When the new Premier League season kicks off in the middle of August, 18 out of the 20 teams will be playing in new strips. Over the past few seasons the official kit unveiling has become as much a part of pre-season routine as money-spinning tours to far-away places and Barcelona’s pursuit of Cesc Fàbregas.

This year’s fashion parade is the usual mixture of the good, the bad and the same (what can Newcastle really do with black and white stripes?) but what is really starting to grate is that every kit has to tell a story. It’s no longer good enough for manufacturers to present a new way of displaying a team’s traditional colours – there has to be a reason for the kit they’ve chosen.

So Liverpool’s new kit “represents a modern interpretation of the one worn during the triumphant 1989-90 campaign”. That of course was the last season that the League title went to Anfield. Also harking back to previous glories are Arsenal, who are beginning to run out of successful kits to imitate. Two seasons ago their kit was a replica of the one Michael Thomas wore the night he won the Championship at Anfield, while last year’s away effort was based on the kit worn by Herbert Chapman’s all-conquering side in the 1930s. This time round it will be a throwback to Bertie Mee’s double-winning side of 1971. If they carry on like this they could be recycling designs worn less than a decade ago when Arsène Wenger’s side was actually winning trophies.

And so it goes on.
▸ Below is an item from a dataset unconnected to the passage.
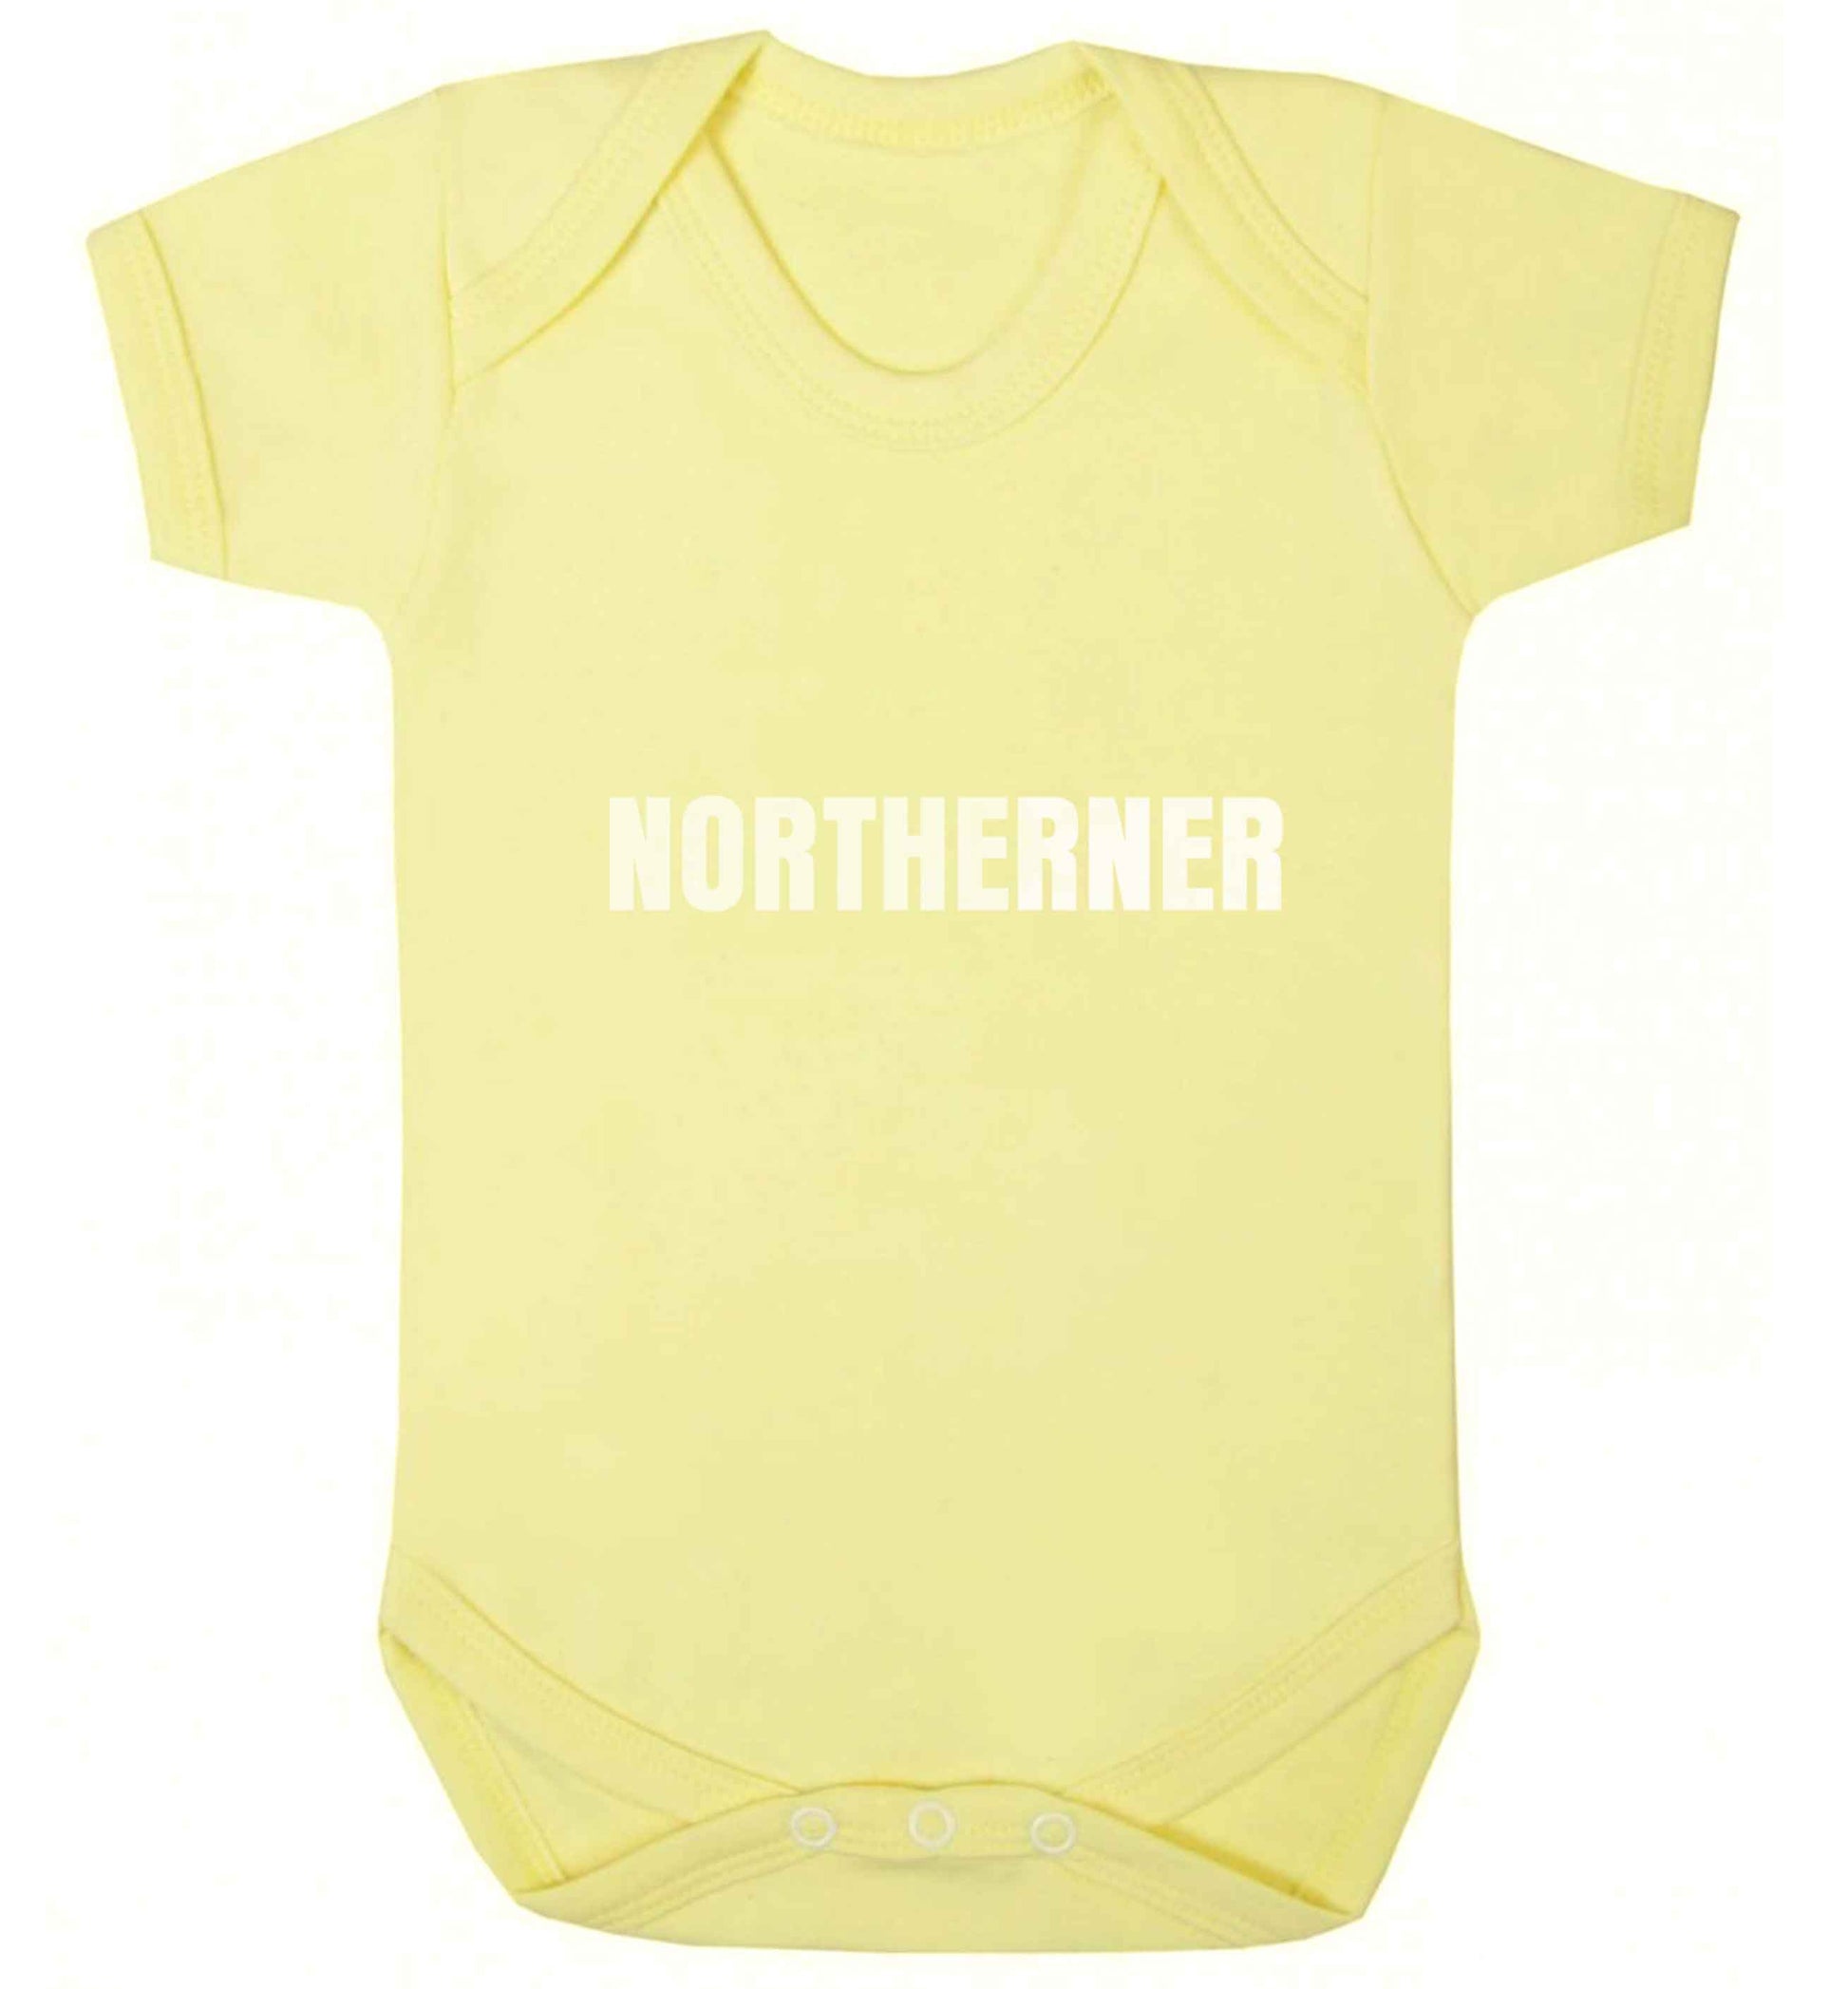 Northerner baby vest pale yellow 18-24 months
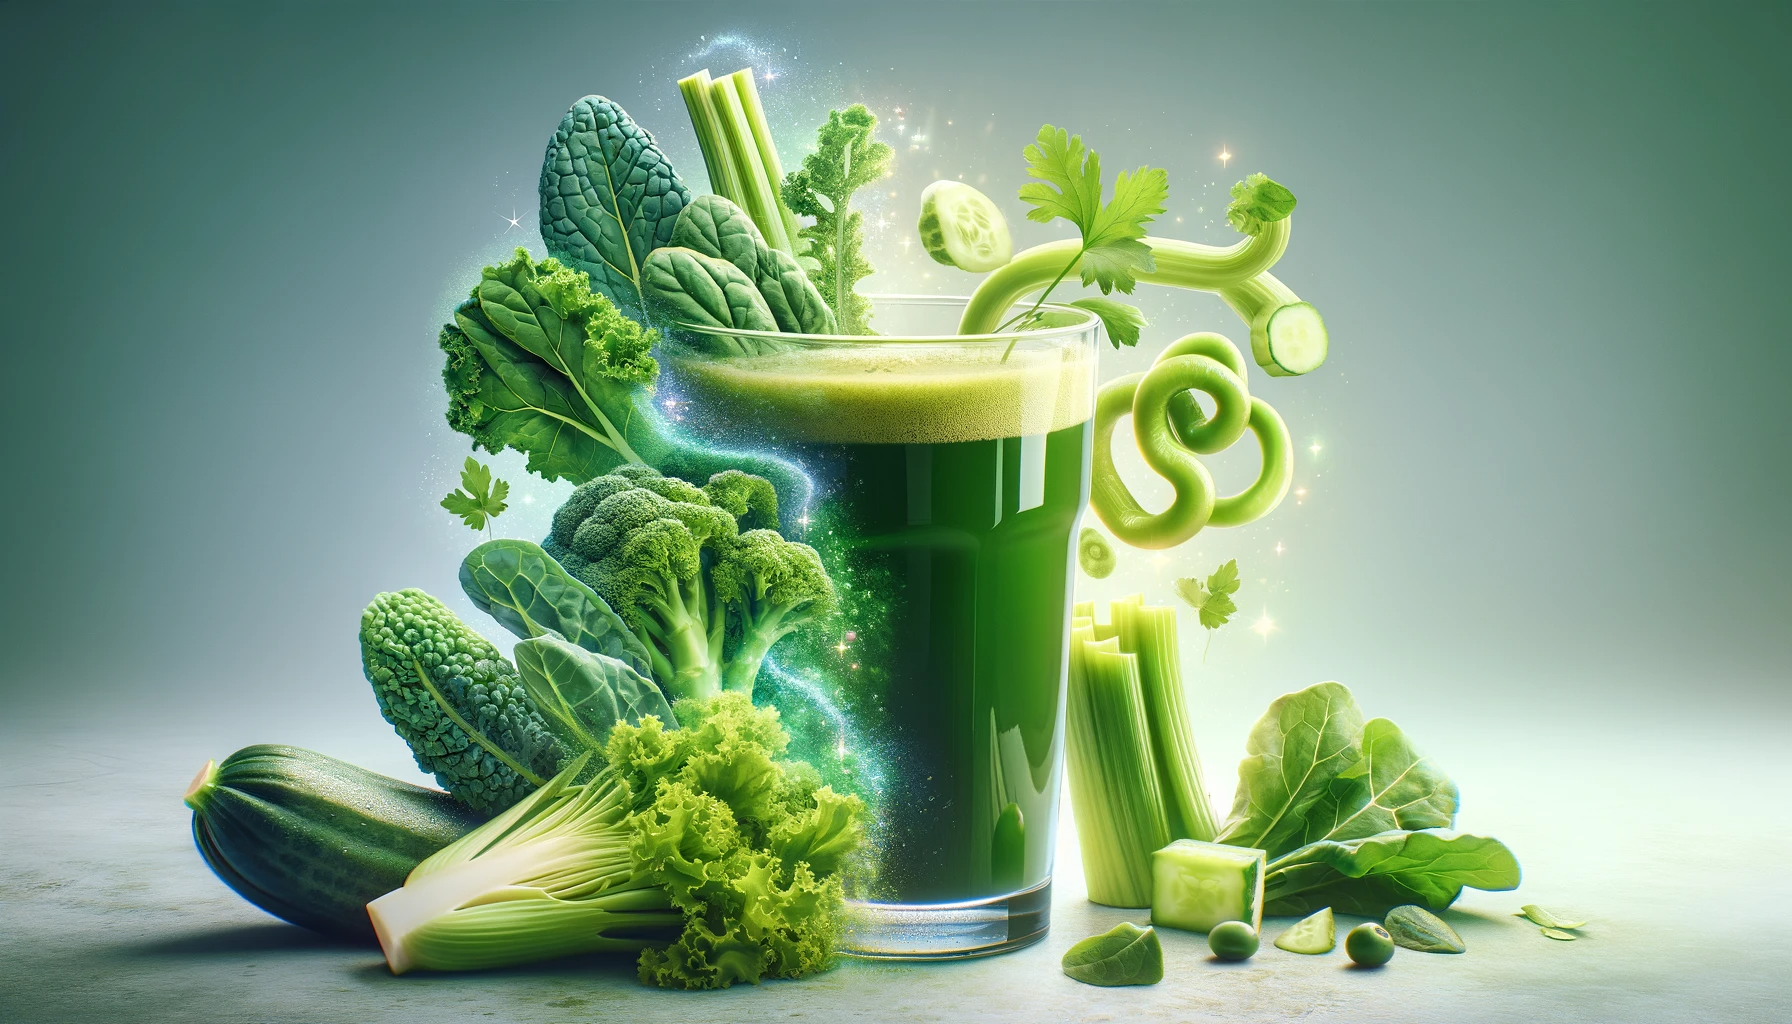 A bright and inviting image displaying an array of green vegetables such as kale, spinach, and celery being juiced, symbolizing the digestive health benefits of consuming green juice, with visual hints of gut health and detoxification.

Everton’s shocking pink away kit is a nod to the League-winning side of 1891, Tottenham have gone for an 1980s theme with their home shirt while West Ham’s new away kit is a replica of the one the Hammers wore in the late 1950s when Bobby Moore was just breaking into the first team. Most bizarrely Manchester United’s new home kit, according to their official website, “leans towards a classic look, inspired by the 1970s”. That will be the decade when United were relegated and won just one trophy, the FA Cup in 1977.

As far as kit designs go we are stuck in an ever-decreasing circle. It seems clubs and manufacturers are scared to produce anything slightly left-field and now just play it safe. Tell the fans that it’s part of the club’s history and they’ll accept it, no matter what far off event it is supposed to be celebrating.

The opposite argument to all this is that at a time when clubs are moving ever further away from their traditional support and becoming virtually unrecognisable from the organisations they were not that long ago, the kit is an important link to the past. The problem with this view is that after the initial summer press release which talks of the historical significance of the design and the obligatory picture of the team’s current star next to a golden moment from history, nothing more is made of the link. The kit simply becomes another way of fleecing the fan. But my call is not for clubs to never change kits again. For a start it would obviously never happen and also there’s still something childishly exciting about seeing your side run out in a new strip at the start of the season.

What I’m asking for is that clubs and kit designers start to design again. All the information we get about kits being made from recycled materials and having better sweat receptacles is all very worthy but that’s industry talk. What we want are innovations in the thing we see our teams wearing. Obviously not everyone will get it right, but even when they go horribly wrong – Coventry’s brown kit the obvious example – they become classics in themselves. I want clubs to try something new. Put some hoops here, a stripe or two there. Why has no one ever tried zig-zags before?

When I was a kid I used to love drawing the outline of a kit and then taking out my felt tips and designing my own. I’m guessing there are number of designers out there working for the big brands who probably started out in the same way and are desperate to be let off the leash. Instead they are told to delve into a club’s history, pick a kit they like – if you can link it to an anniversary even better – and then pretty much copy it. This approach may in some small way warm the hearts of fans as they hand over yet another £50, but it’s a short-term approach. If we carry on like this there will never be a modern classic.